Less than two weeks before his death, Larsen pulled ahead of pole-sitter Greg Weld during the second lap of a feature USAC sprint race in Winchester, and held onto his lead to win the thirty-lap race.

==Accident, death and interment==
Larson died on June 11, 1966, as a result of injuries sustained in a sprint car crash at the Reading Fairgrounds Speedway in Berks County, Pennsylvania that also claimed the life of Red Riegel. According to The Kansas City Star, "Authorities said the accident occurred when the wheels of their cars locked during the second lap of the featured event." Both cars then "went up a short embankment around the first turn near the grandstand and tumbled back onto the track two times in succession," pinning both men inside their respective cars. A crowd of roughly six thousand witnessed the accident. Larson was buried at the Cook-Walden Capital Parks Cemetery and Mausoleum in Pflugerville, Texas.
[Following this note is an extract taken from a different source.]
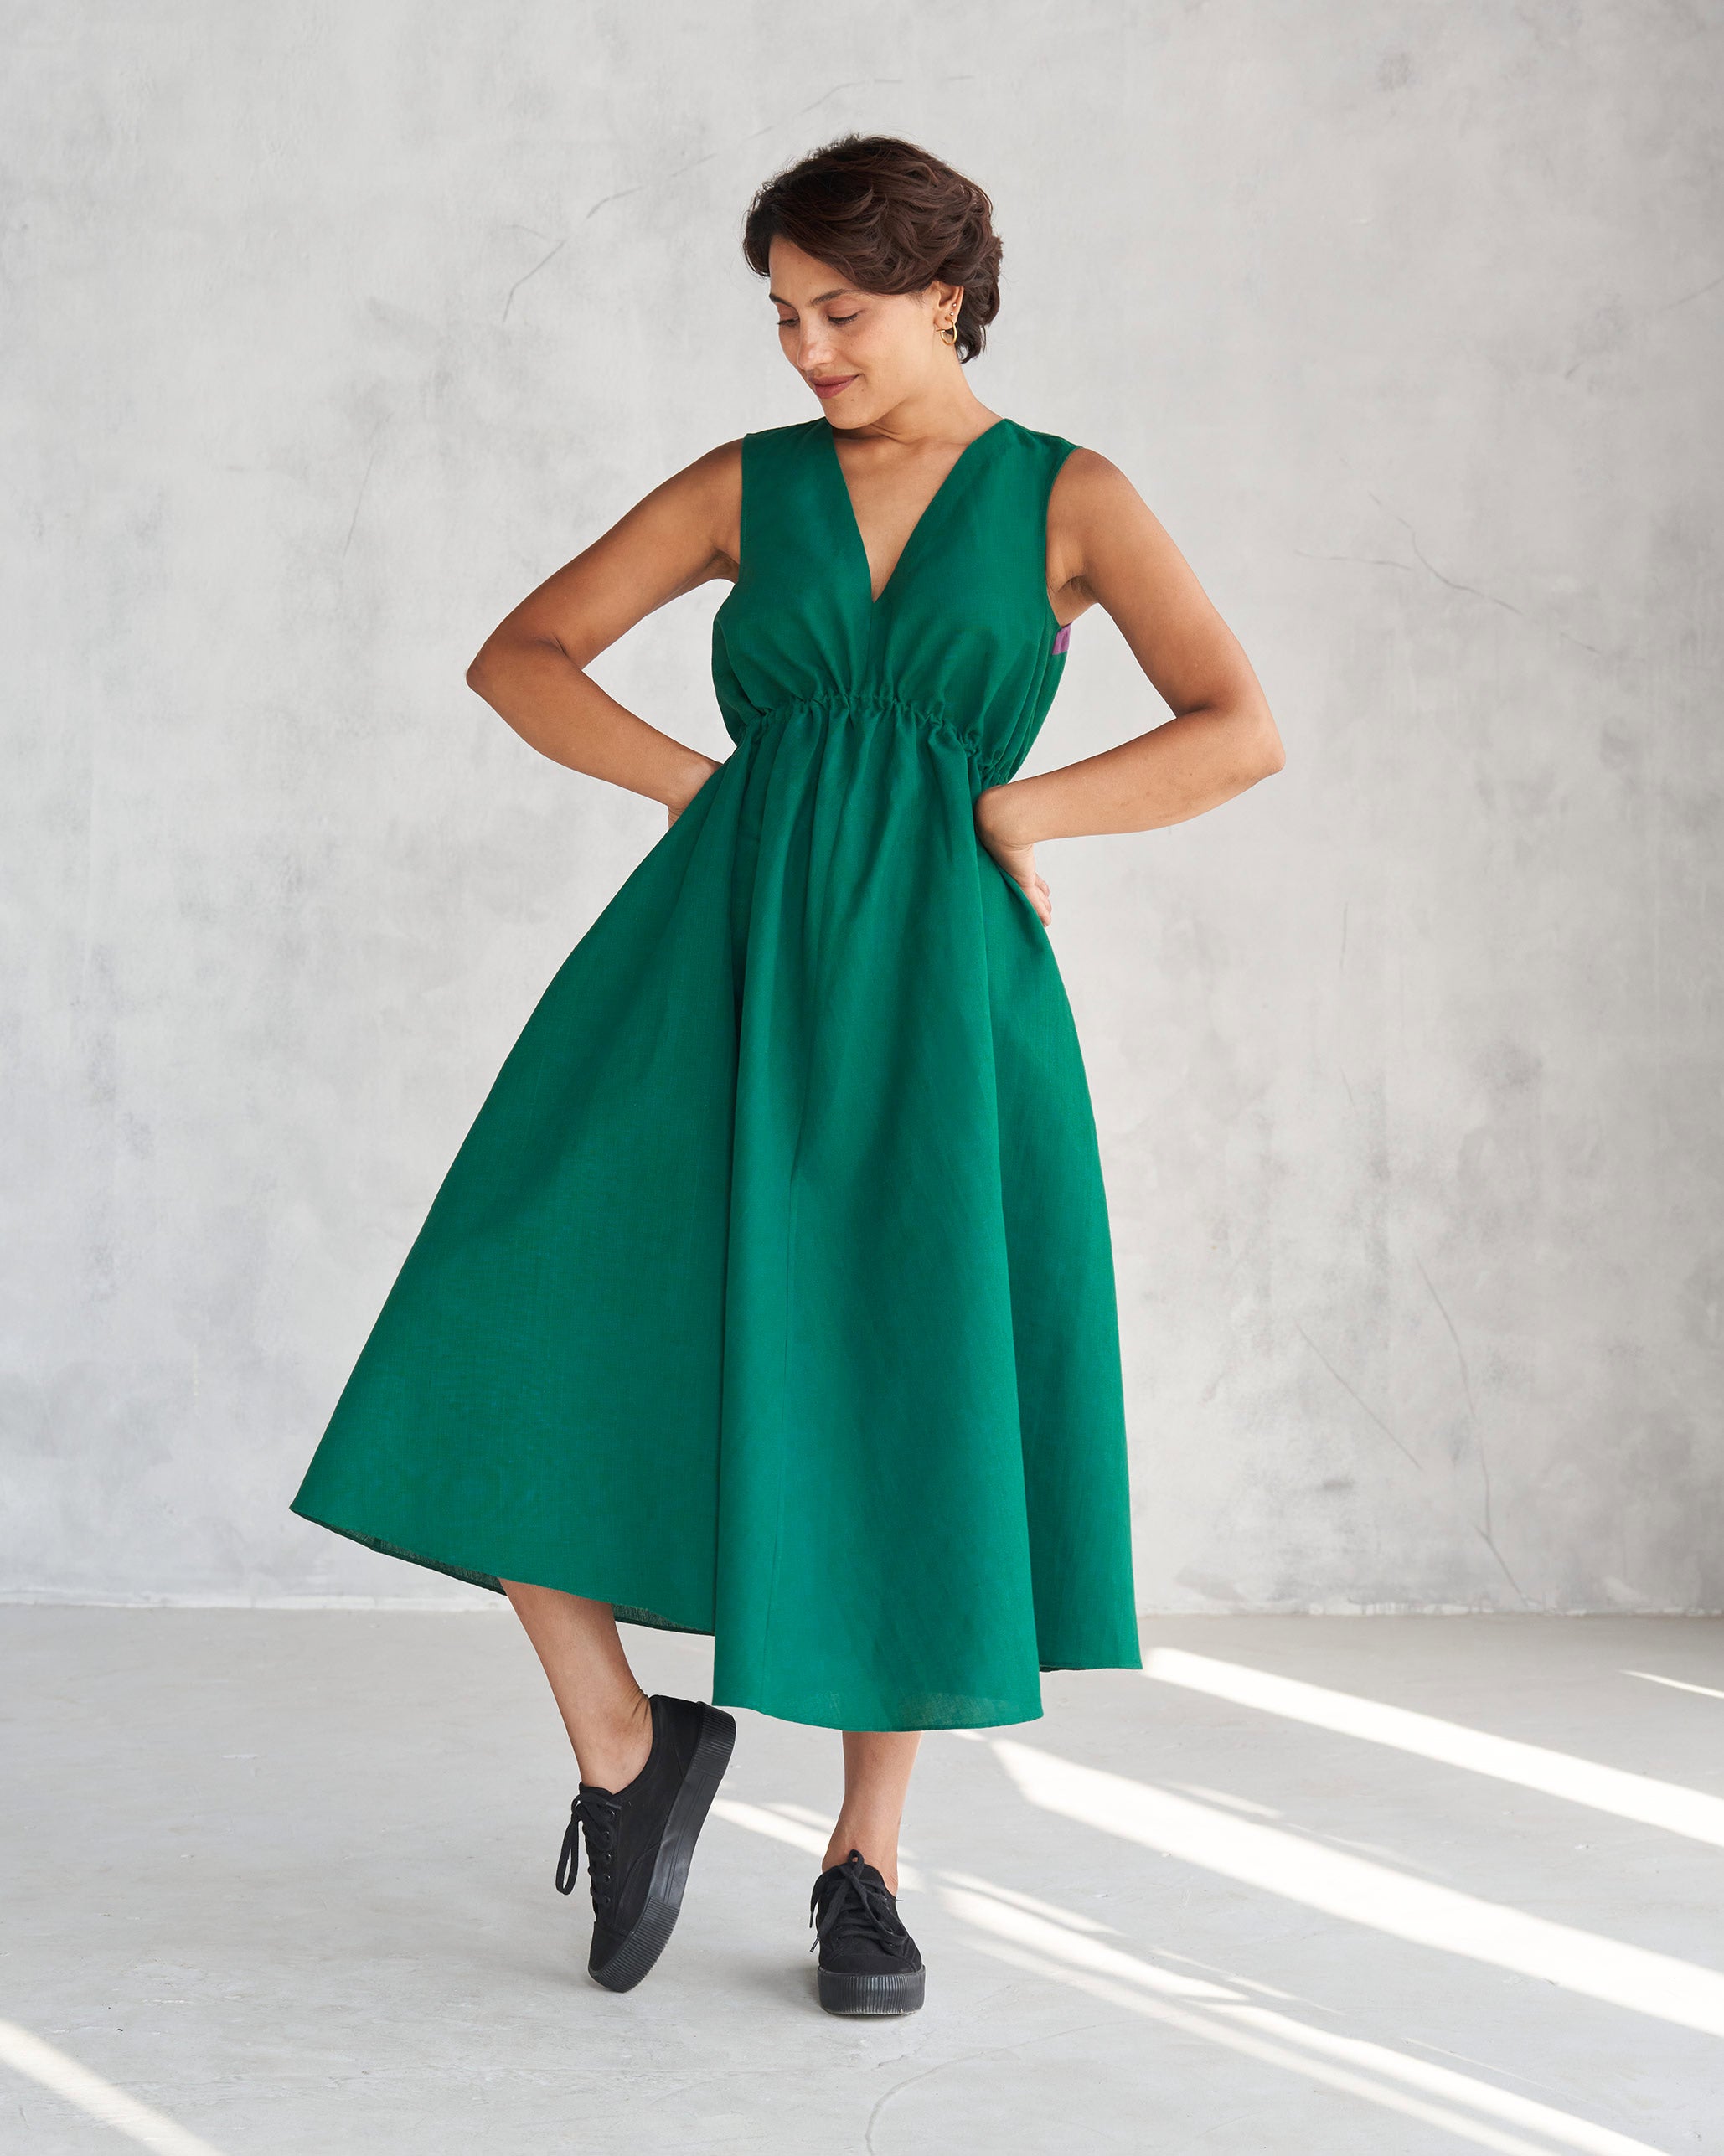 Midori Dress - Green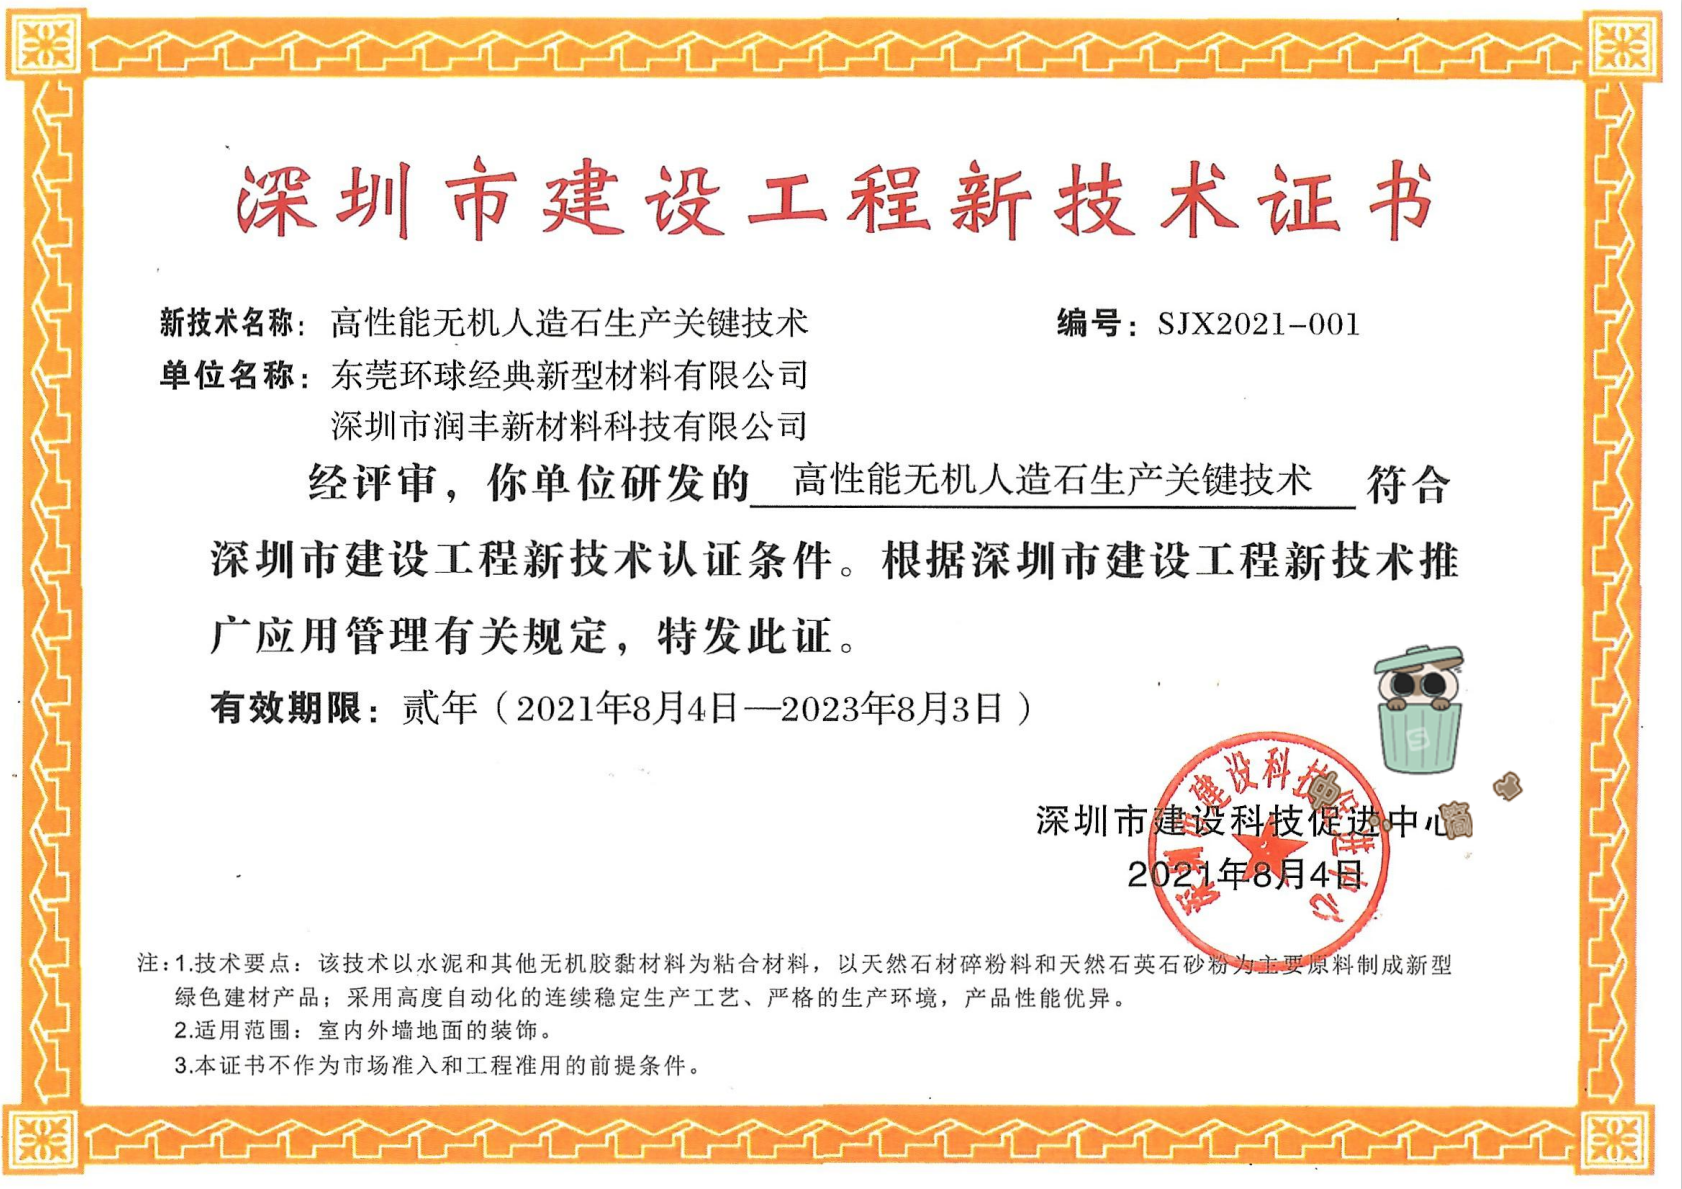 「高性能無機人造石生產關鍵技術」榮獲深圳市建設工程新技術認證.png

Mario Andretti was among those who later paid tribute to him.

==Complete AAA/USAC Championship Car results==

Year: 1; 2; 3; 4; 5; 6; 7; 8; 9; 10; 11; 12; 13; 14; 15; 16; 17; 18; Pos; Points
1951: INDY; MIL DNQ; LAN DNQ; DAR; SPR; MIL; DUQ; DUQ; PIK; SYR; DET; DNC; SJS; PHX; BAY; -; 0
1952: INDY DNS; MIL DNQ; RAL; SPR; MIL; DET; DUQ; PIK; SYR; DNC; SJS; PHX; -; 0
1953: INDY DNQ; MIL; SPR; DET; SPR; MIL; DUQ; PIK; SYR; ISF; SAC; PHX; -; 0
1956: INDY; MIL; LAN; DAR; ATL; SPR; MIL; DUQ; SYR; ISF 4; SAC 1; PHX DNQ; 22nd; 320
1957: INDY DNQ; LAN 16; MIL; DET 4; ATL 2; SPR 2; MIL 8; DUQ 1; SYR 6; ISF 1; TRE 22; SAC 3; PHX 12; 5th; 1,170
1958: TRE 5; INDY 8; MIL 9; LAN 3; ATL 1; SPR 13; MIL; DUQ 7; SYR 5; ISF 17; TRE 22; SAC 2; PHX 1; 4th; 1,250
1959: DAY 16; TRE; INDY 29; MIL 4; LAN 2; SPR DNS; MIL; DUQ; SYR; ISF; TRE DNP; SAC; PHX; 20th; 280
1964: PHX; TRE DNQ; INDY DNQ; MIL DNQ; LAN 10; TRE 15; SPR 11; MIL 17; DUQ 6; ISF 4; TRE; SAC 6; PHX 6; 13th; 490
1965: PHX 12; TRE 5; INDY DNQ; MIL; LAN DNQ; PIP; TRE 6; IRP 19; ATL 16; LAN 12; MIL 7; SPR 8; MIL 9; DUQ 4; ISF 3; TRE 8; SAC 5; PHX 8; 9th; 1,028
1966: PHX; TRE DNQ; INDY DNP; MIL; LAN; ATL; PIP; IRP; LAN; SPR; MIL; DUQ; ISF; TRE; SAC; PHX; -; 0

==Indianapolis 500 results==

| Year | Car | Start | Qual | Rank | Finish | Laps | Led | Retired |
|---|---|---|---|---|---|---|---|---|
| 1958 | 44 | 19 | 143.512 | 11 | 8 | 200 | 0 | Running |
| 1959 | 7 | 19 | 142.298 | 23 | 29 | 45 | 0 | Crash T3 |
| Totals |  |  |  |  |  | 245 | 0 |  |

| Starts | 2 |
| Poles | 0 |
| Front Row | 0 |
| Wins | 0 |
| Top 5 | 0 |
| Top 10 | 1 |
| Retired | 1 |

==World Championship career summary==
The Indianapolis 500 was part of the FIA World Championship from 1950 through 1960. Drivers competing at Indy during those years were credited with World Championship points and participation. Larson participated in two World Championship races but scored no World Championship points.

==Awards==
Larson was inducted in the National Sprint Car Hall of Fame in 1992.